A reusable template for autonomous software delivery using headless Claude agents. Feed a requirements doc in, review pull requests out. Two human touchpoints.
Using Claude Code as a pair programmer is productive, but the orchestration overhead adds up fast. You write a requirements doc, then spend hours babysitting the implementation: breaking stories, creating issues, assigning work, reviewing diffs, context-switching between "what should we build" and "let me check what the agent just did." The productivity gains get eaten by the management tax.
The question that led to this template: does Claude actually need you sitting there?
It doesn't. Claude runs headless in GitHub Actions runners the same way we've run headless browsers in CI for years. No IDE. No chat window. Just a process that starts, reads an issue, implements a feature, opens a PR, and shuts down. The agent is gone, but the PR is there - with a full conversation log of every decision it made, every file it touched, every test it ran. It's more transparent than most human-written PRs.
This template contains the complete automation infrastructure - GitHub Actions workflows, Claude Code configuration, Linear integration, and safety hooks - extracted from a production pipeline and stripped of all project-specific code.
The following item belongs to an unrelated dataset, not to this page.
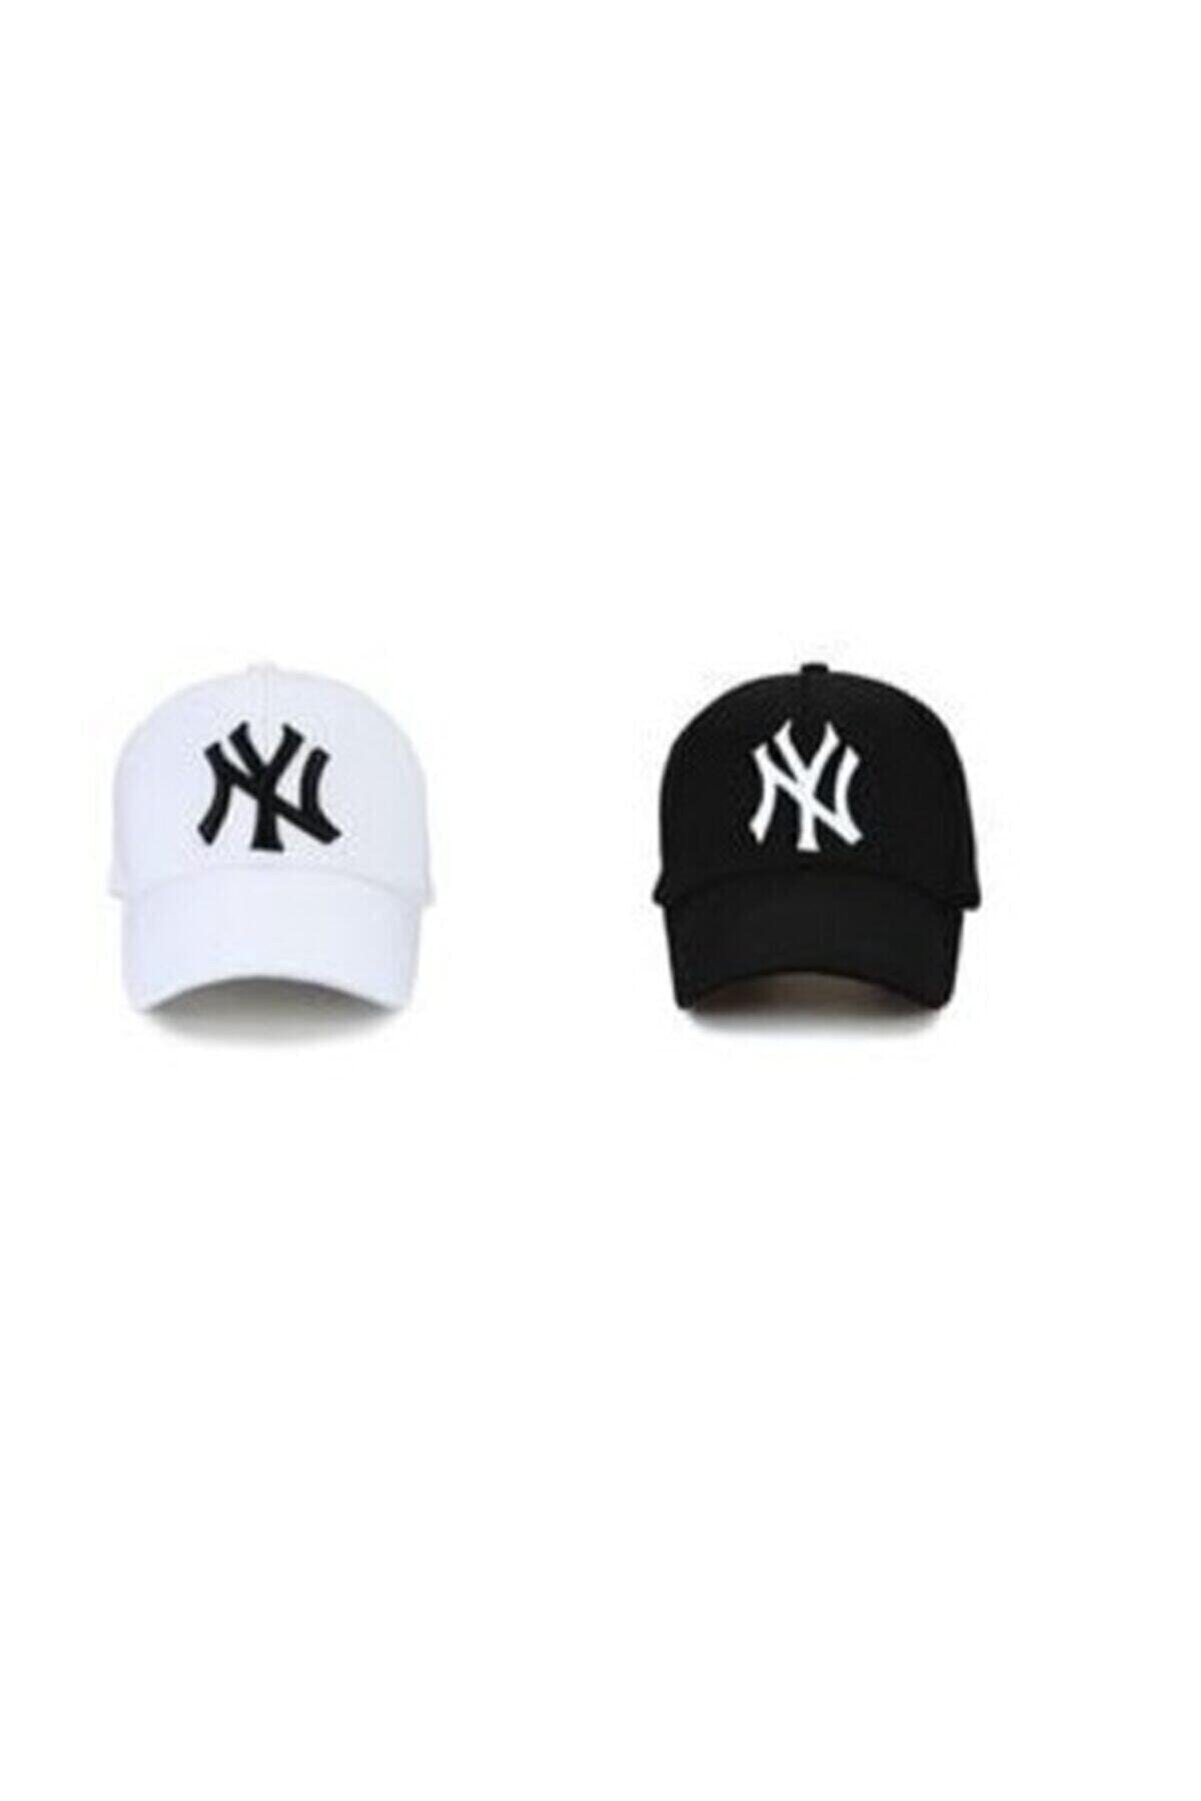 QUATEX Ny New York 2'li Unisex Set Şapka

Fork it, fill in your CLAUDE.md, and you have a working agent pipeline.
.github/workflows/
claude-dev.yml Dev agent: reads GitHub Issue, implements, opens PR
claude-review.yml Review agent: auto-reviews every PR on open/update
claude-fix.yml Fix agent: reads bot review feedback, pushes fixes (5 iteration cap)
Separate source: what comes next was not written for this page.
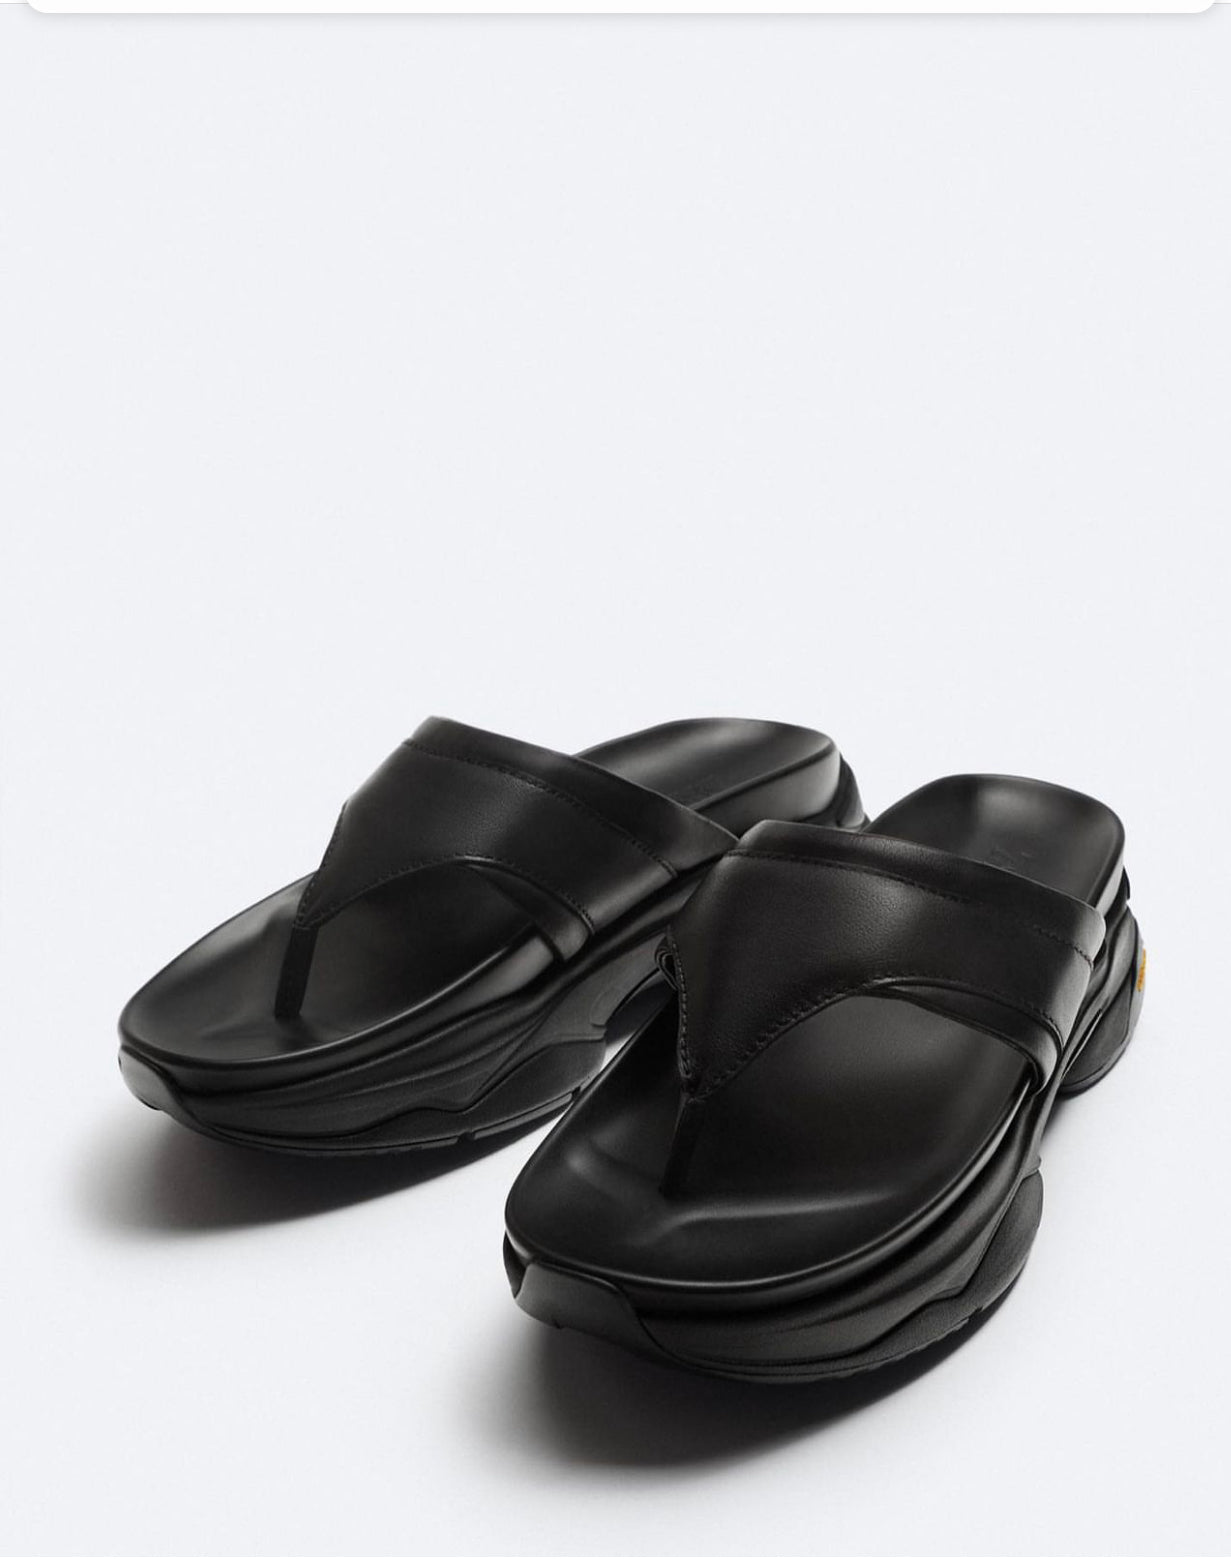 Zara vibram leather sandals

linear-sync.yml Bidirectional Linear <> GitHub sync
.github/ISSUE_TEMPLATE/
story.yml Structured issue template with checkboxes for agent progress tracking
.claude/
settings.json Safety hooks + permission rules
hooks/block-destructive.sh
commands/pipeline.md /pipeline command (requirements doc -> Linear stories -> GitHub Issues)
commands/review.md /review command (3-pass QC review)
agents/security-reviewer.md
.mcp.json Linear MCP server config
CLAUDE.md Project instructions skeleton (fill this in)
docs/requirements/ Where requirements docs live
The pipeline turns a markdown requirements document into deployed code with two human touchpoints: writing the doc and reviewing PRs.
You write a requirements doc (docs/requirements/feature.md)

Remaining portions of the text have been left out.